One can’t see the stress in the strip itself, which feels both effortless and effortful at the same time. Never do we forget there’s a hand at work and a wriggly, playful mind animating it. Described in the most literal terms, MacDoodle St. was a long-running weekly narrative strip with a large cast of characters and a somewhat mystically driven story. But it’s far more interesting than that. Plenty of stuff from that era is dated in a bad way, focused on transgressing limitations without doing more than just dynamiting boundaries. Stamaty was doing something different.
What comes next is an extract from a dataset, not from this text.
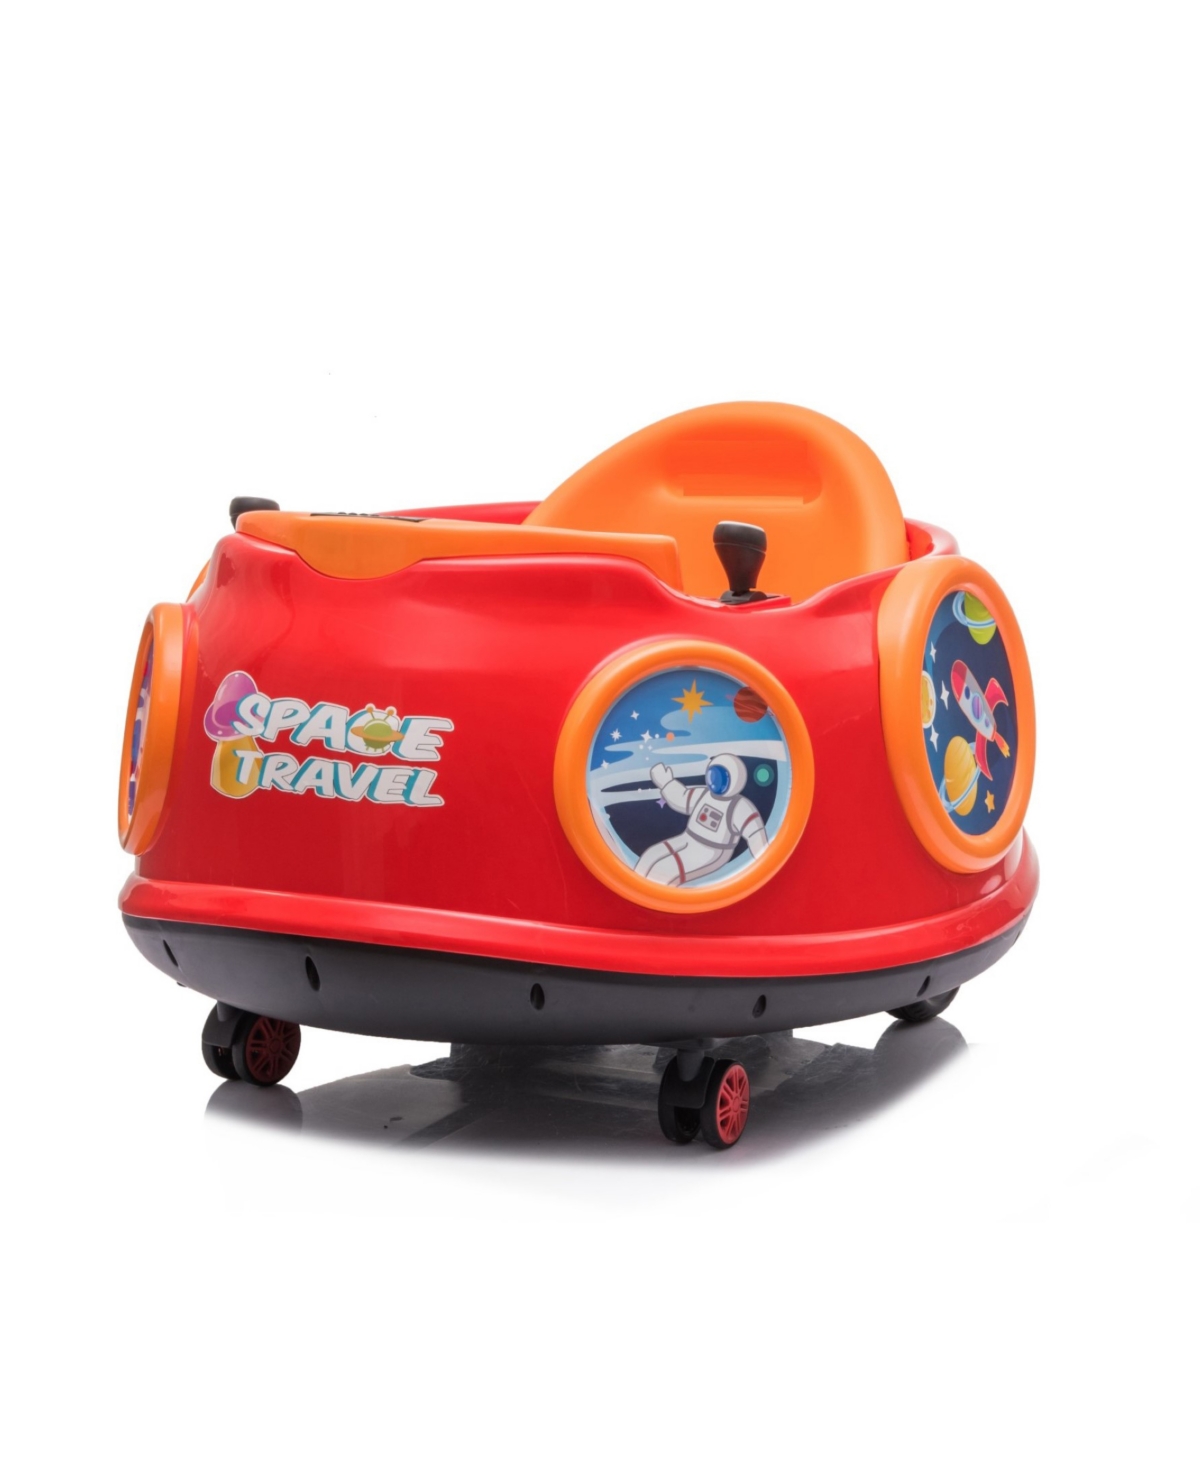 Freddo Toys 1 Seater Ride On Bumper Car In Red

His jokes run through the panels proper but also around the edges, in the gutters and in the lettering. There are silly jokes and jokes about the (then-)present-day, jokes about the zen of washing dishes, jokes about the required parts of a narrative, verbal goof-offs galore and more, all packed into some extremely full pages. The strip itself often shows up as a character, walking its panels around on a couple of legs. It starts out in the title section at the top of the strip, each week given a different adjective (“action-packed,” “talkative,” “restless,” “urbane”), then migrates down into the panels proper, where it gets drunk and belligerent or travels to Washington, D.C., to demonstrate against nuclear power.
That ability to osmose between well-drawn, firm lines rather than abandoning them is a key to the abiding joy of of Stamaty’s work. It also explains why he felt he was under a lot of pressure to keep producing new ideas and new types of jokes. Once you have create a whole strip in which each panel appears on the body of a cow in a herd, you are bound to feel like you have to keep adding balls to the juggling act. On the other hand, it sure was a fun one, and the fact that it’s more about structure (both comics and humor) than about its era helps it hold up.